Provided data -
◇ ◇ ◇ ◇ ◇ ◇ ◇

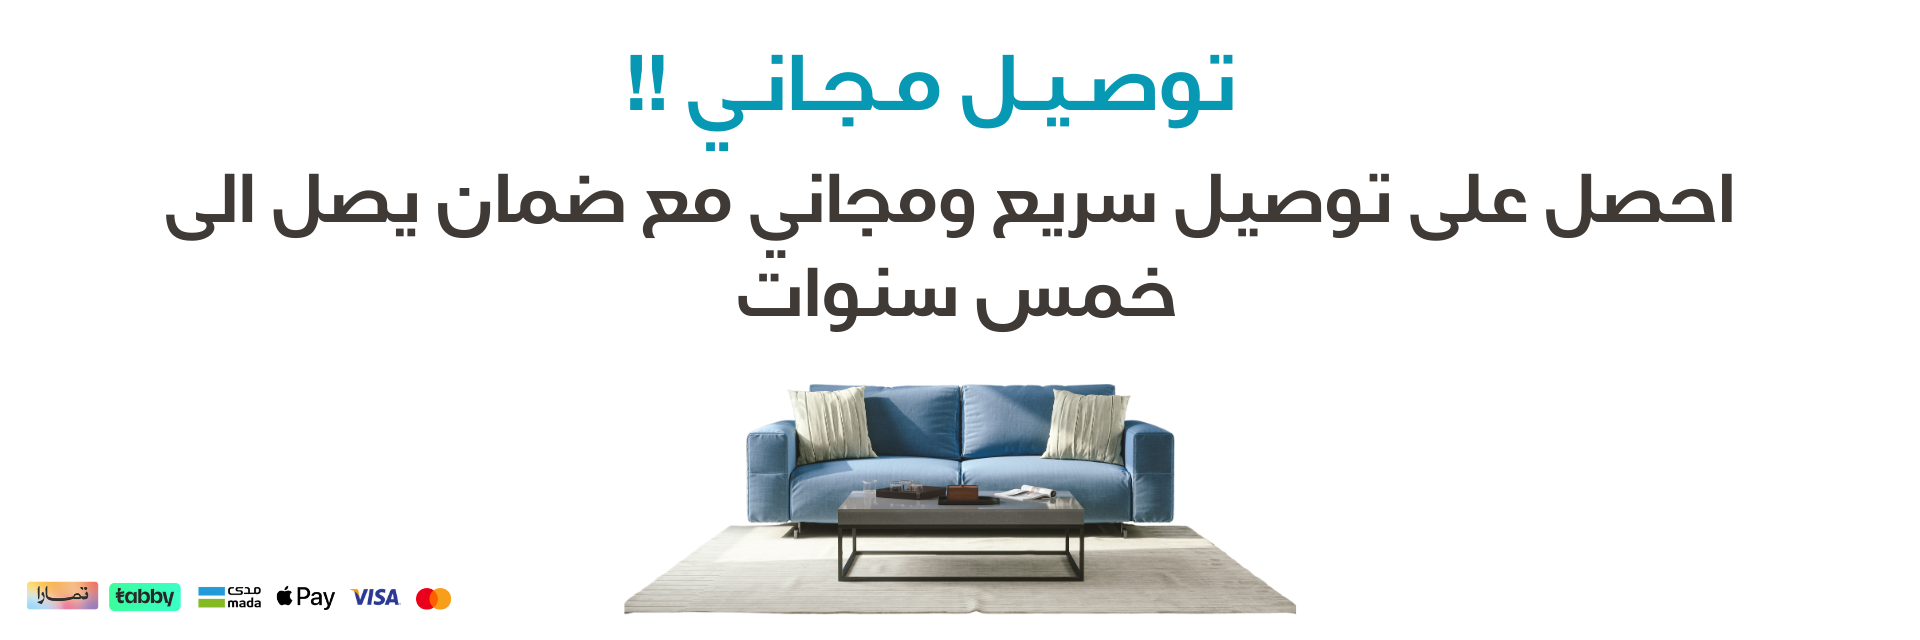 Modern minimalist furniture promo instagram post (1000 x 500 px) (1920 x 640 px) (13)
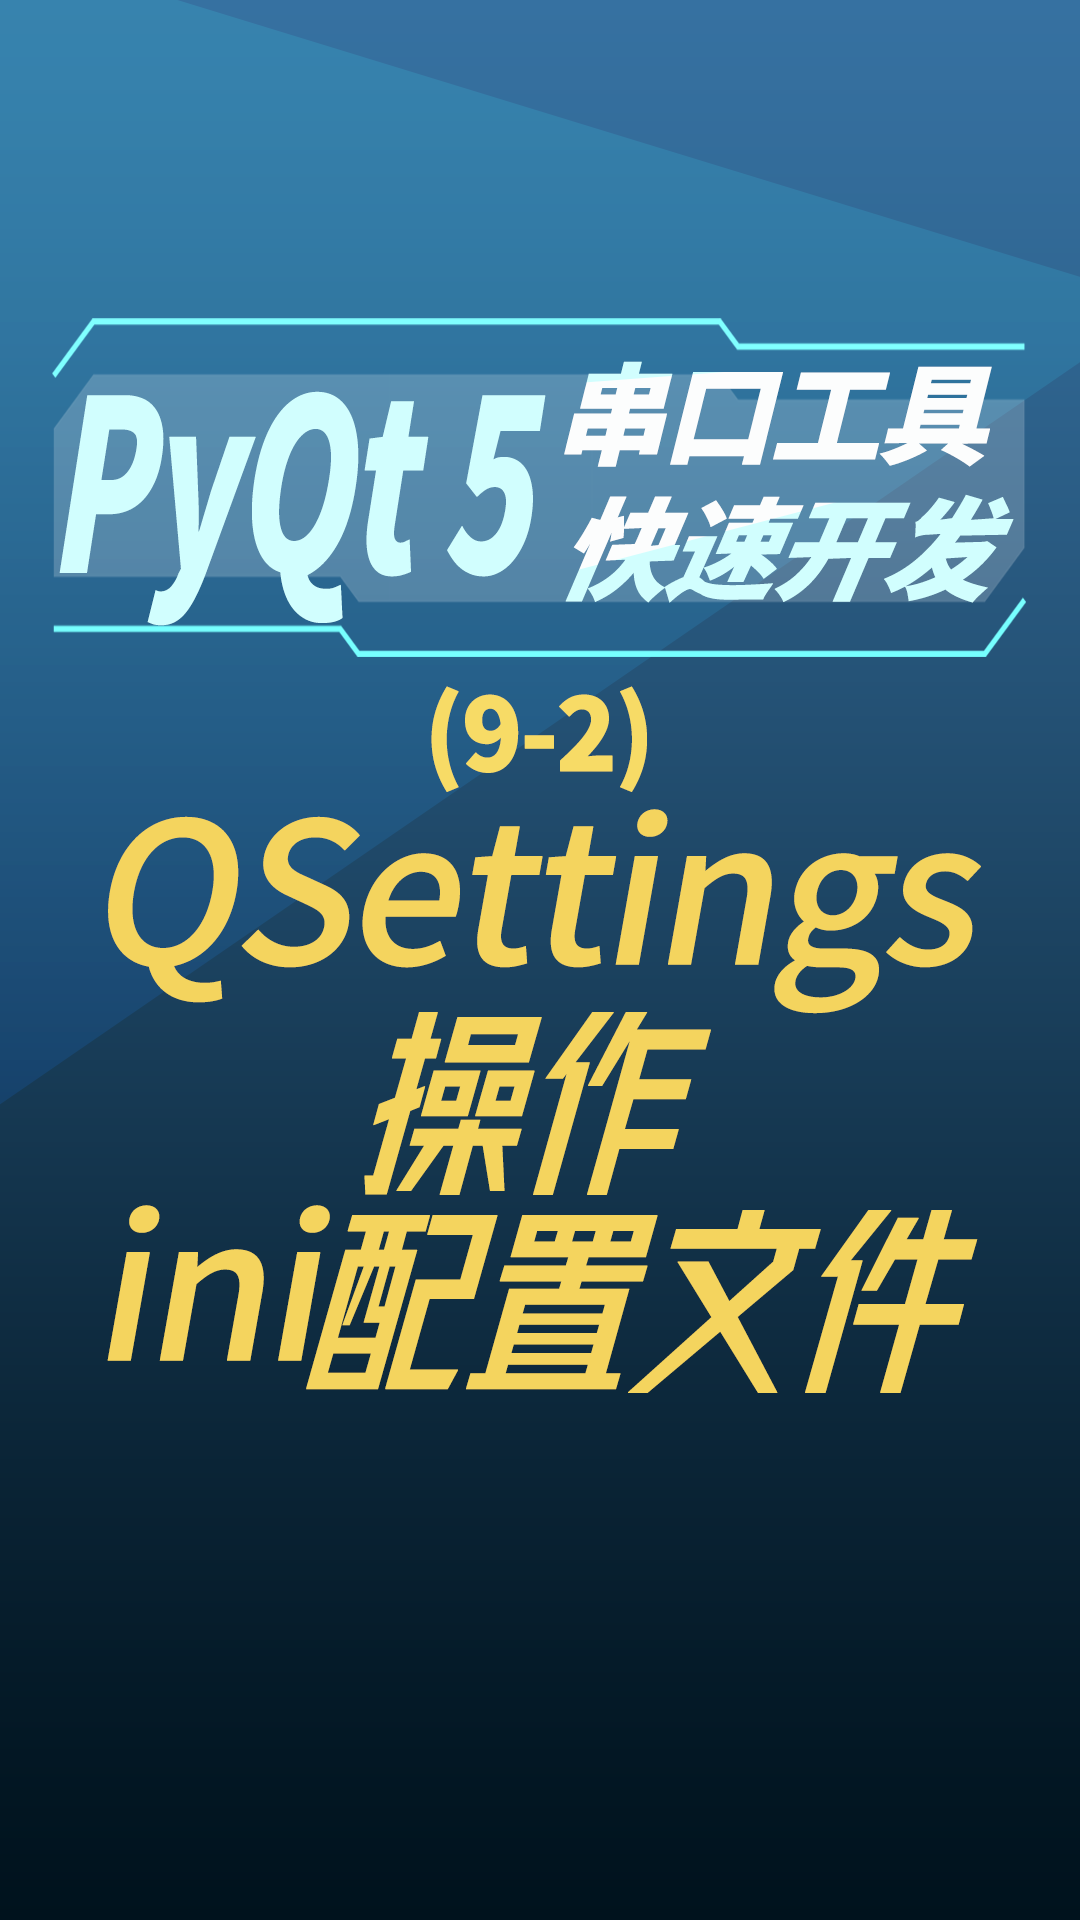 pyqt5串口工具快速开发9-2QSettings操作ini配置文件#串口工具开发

◇ ◇ ◇ ◇ ◇ ◇ ◇

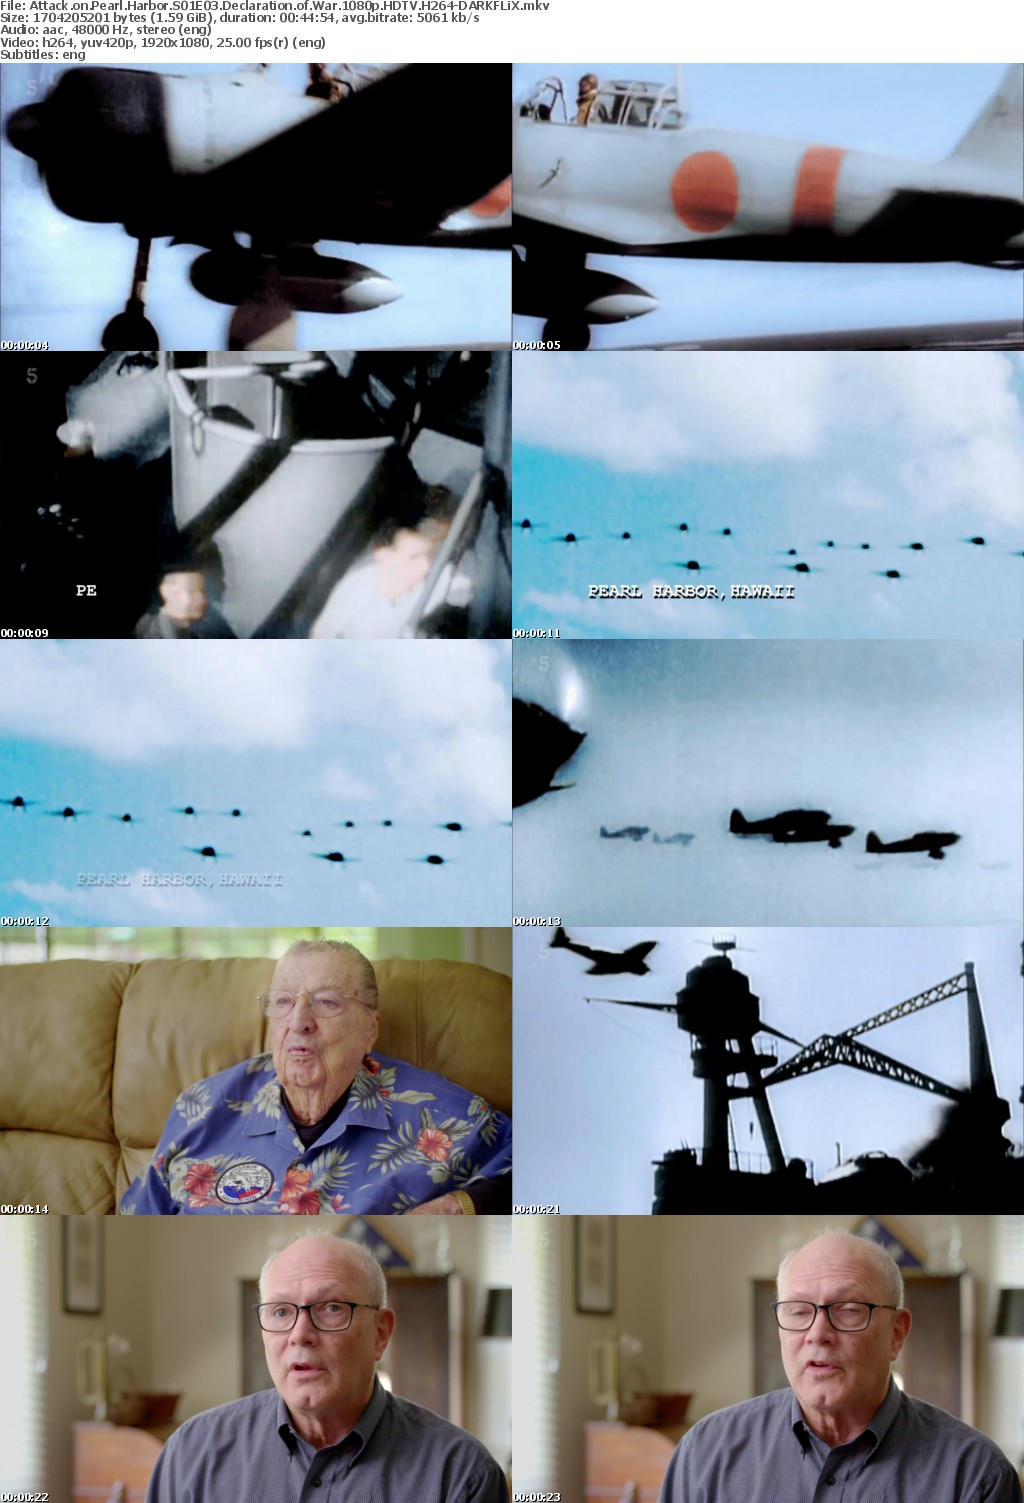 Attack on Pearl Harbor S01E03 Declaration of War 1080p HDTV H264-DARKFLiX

◇ ◇ ◇ ◇ ◇ ◇ ◇

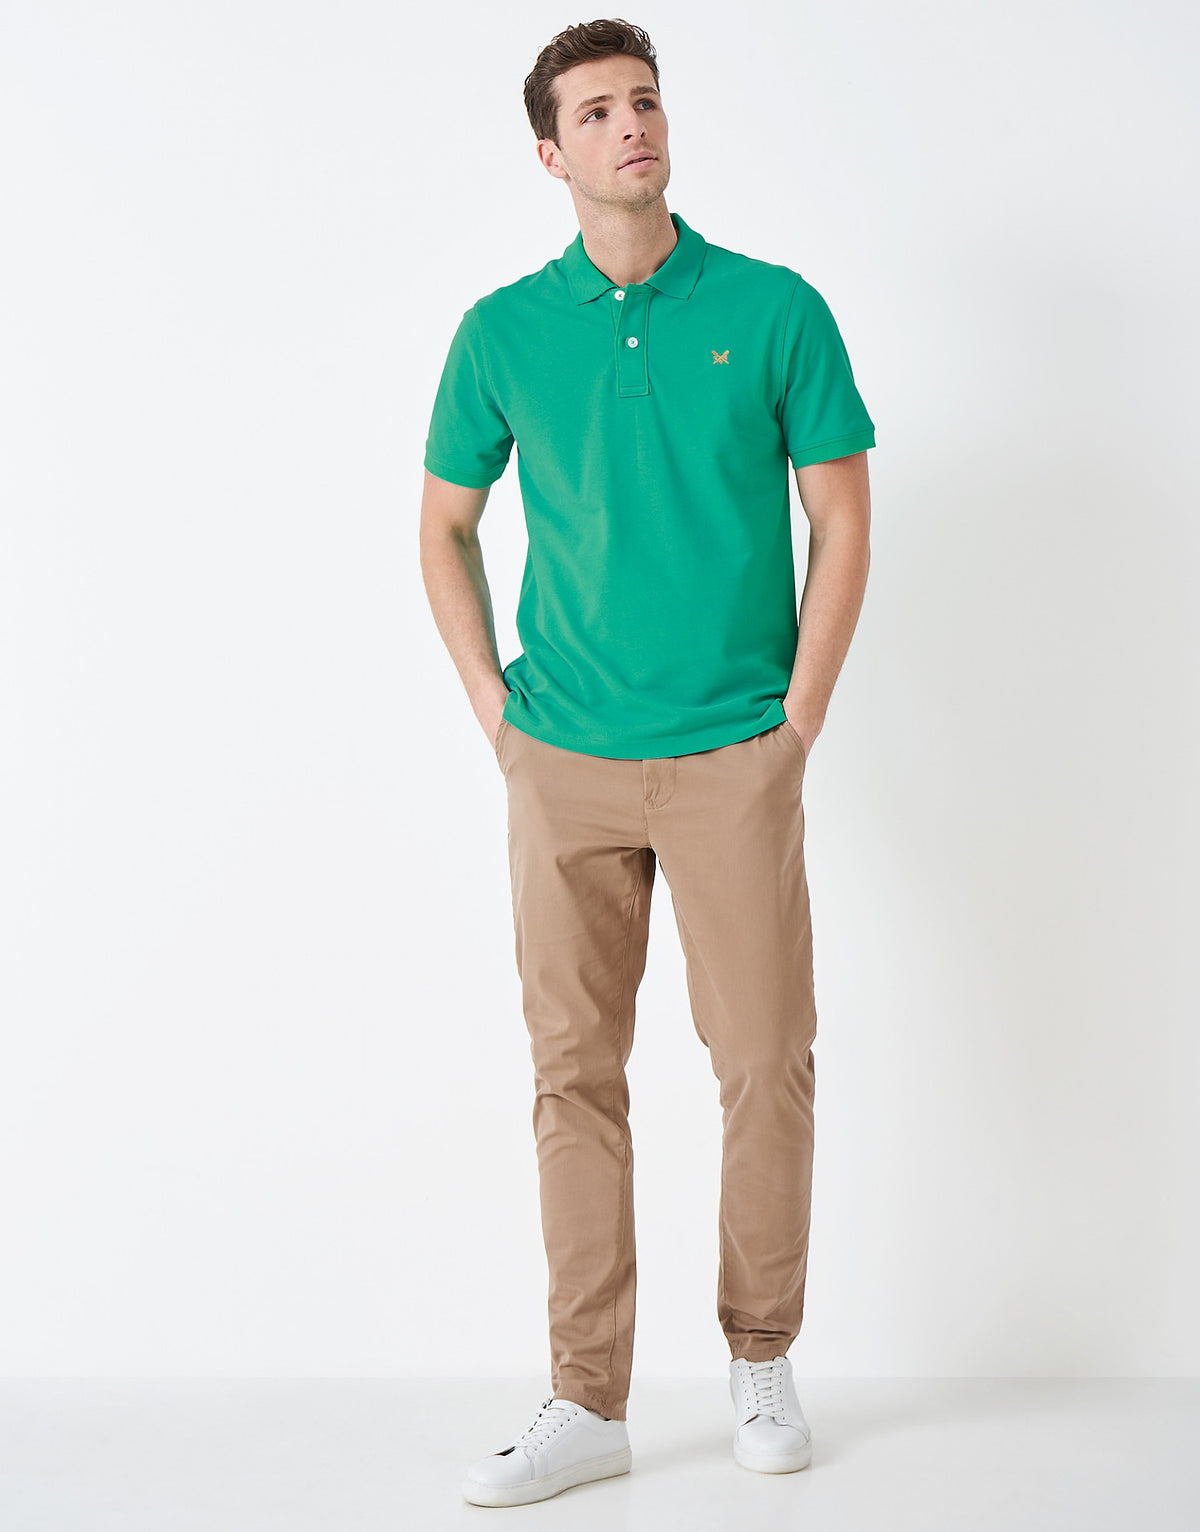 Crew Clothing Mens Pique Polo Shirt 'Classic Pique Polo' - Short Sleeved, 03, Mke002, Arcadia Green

◇ ◇ ◇ ◇ ◇ ◇ ◇

Exercise - I would like the exact lines from the data above, starting with the one that holds "Modern minimalist furniture" and going on through the one that holds "pyqt5串口工具快速开发9", without the pictures.

Solved exercise -
 Modern minimalist furniture promo instagram post (1000 x 500 px) (1920 x 640 px) (13)
 pyqt5串口工具快速开发9-2QSettings操作ini配置文件#串口工具开发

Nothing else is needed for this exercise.